Thursday, November 24, 2011

the MILF story

I'm shockingly ignorant. It appears everyone knows this term but me. Even my daughter (I've heard tell) has referred to someone as MILFy. Not in front of me of course, but I have it on good authority.

So. I was away for the weekend down the road from Asilomar with a friend. Long walks. Books to read. More long walks. Papers to avoid grading. Paper to write for the Anthropology meetings in Montréal. Scrabble. Birthday (hers) dinner. More long walks.

We had a nice dull time of it. Didn't even go on pilgrimage down to Big Sur. Not even Carmel. And only once to Monterey. And that's what we were there to do: nothing.

But after a while, nothing needs a little help.

The traditional nothing to do is, of course TV and the movies. And there was a big screen in the room. The typical number of choices: never enough. Never what you're looking for. Never what you feel like watching.

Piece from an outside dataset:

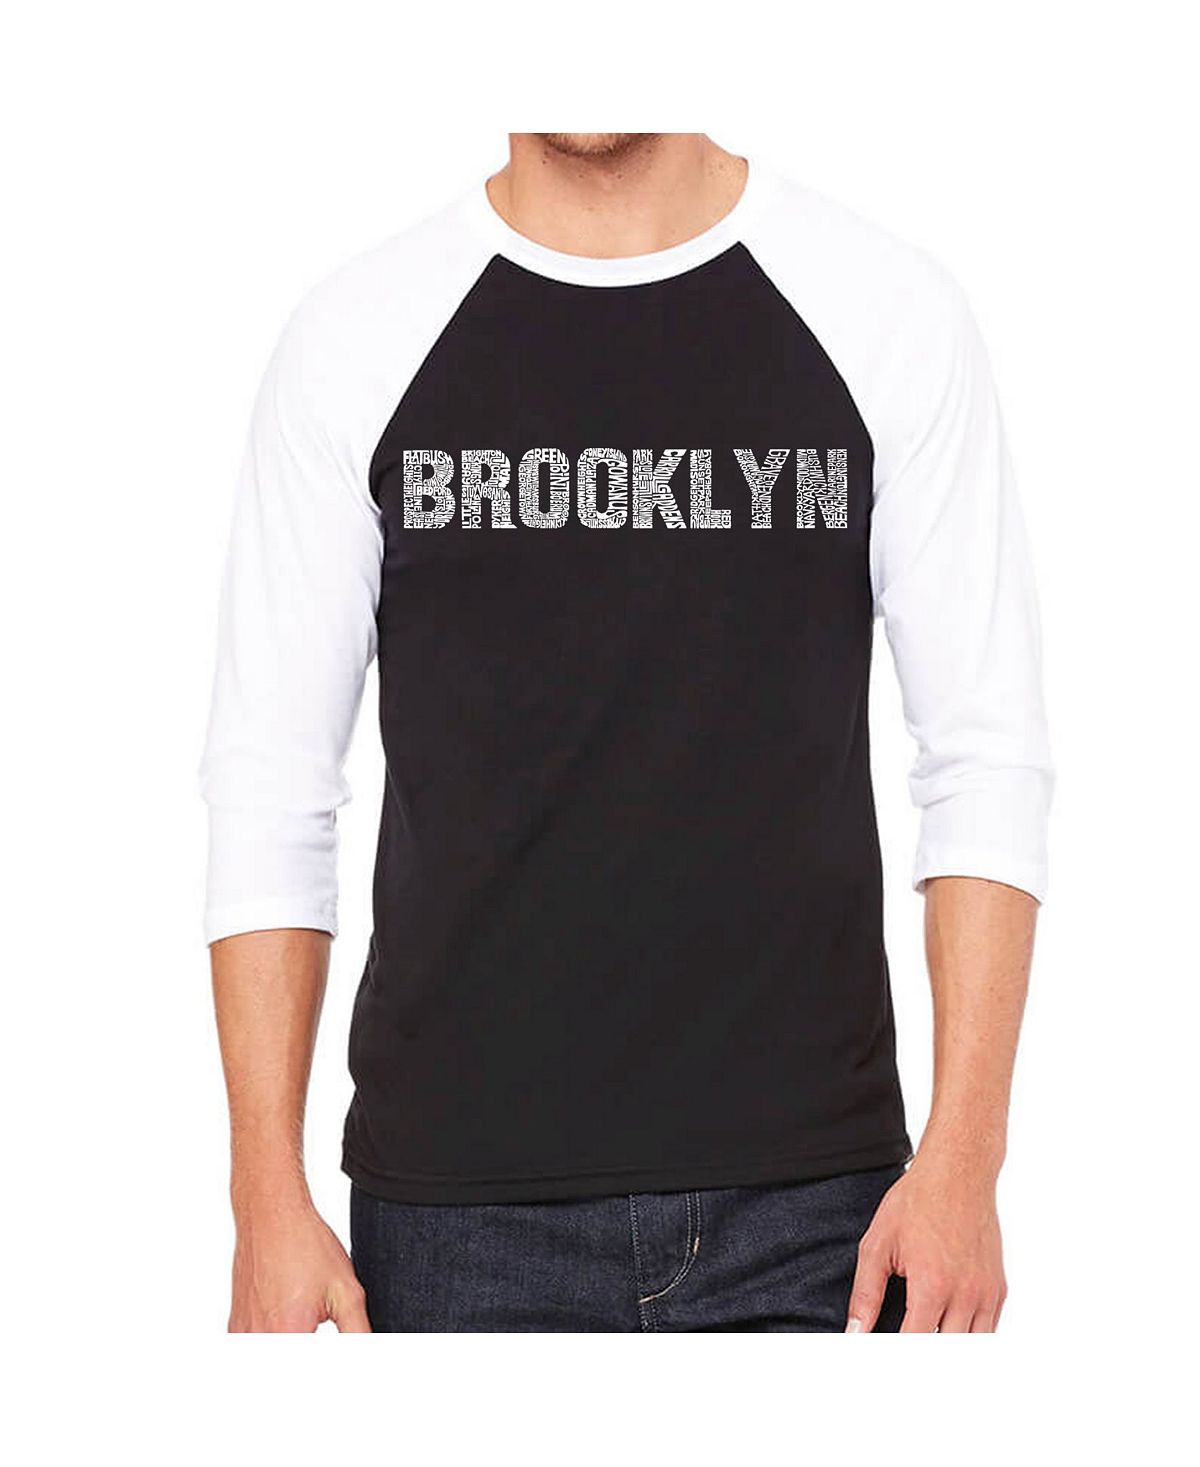 Мужская футболка реглан с надписью brooklyn neighborhoods LA Pop Art, черный мужская футболка реглан с надписью bronx neighborhoods la pop art серый

The point being, really, that we didn't agree on what to watch. But it was either TV or grade more papers. Or play more Scrabble. Or—

I suggested it.

She, of course, was horrified.

Being an anthropologist, you can justify just about anything as research.  So. Call it research rather than utter boredom or avoidance of work. But I took over the remote and checked out the Adult Movie Selections.

And it was nothing but MILF.

I mean, what the hell was that?  The teaser pictures on each selection was not any help in trying to figure it out.

Did M stand for 'male' and F stand for 'female'?  If so, I tried to work out what the letters in-between might mean.

Male Israeli Lebanese Female?

That's all I could come up with. Okay, that would be my mind not in keeping with the American wet dream. We were both completely mystified.

But wait!  I had my computer with me. The computer I was working on to finish up the conference paper.

"Don't use that!" she said. "You could end up with a virus on your computer!"

Yikes. A sexually transmitted disease attacking my computer? That would be a bad thing.

I picked up my iPhone instead.  Somehow feeling that Apple would protect the sacred little hand job object. And I looked up MILF.

No way. No possible way. No, no, no, no NO!

It just didn't seem possible.  Every porn site in a mainstream coastal 'resort' was MILF?  That was the part that got me.  The category just went on and on and on on the TV in our room—and there weren't any other choices.

We watched Helen Mirren do tough-old-ganster in something unforgettable.

But at least it wasn't another Scrabble game.

Wednesday, November 23, 2011

OMG, I'm just like my mother!!

I'm looking for one of those little yellow faces that shows absolute horror, but couldn't find one to express today's just plain awful epiphany.  And yah, every once in a while a friend (or daughter) will tell me I'm just like my mother. And I always chalk it up to that they're pissed about something. Usually about not getting their way about something.  But no, apparently that's not it. Or that's not all of it.

Today I discovered that my friends (and daughter) were being descriptive.  I am like my mother. I could see it today.

I almost cracked up the car when I I finally got it. I was driving. I was driving my mom. And I took a different route back to her house, trying to make the way more familiar, because she's been losing her way of late.

When we got to College Ave things started to look familiar to her.

"That nail salon," she said. "They're unclean. They give you fungus."

I shuddered.

"That bookstore," she said. "They don't have high quality books. I don't go there."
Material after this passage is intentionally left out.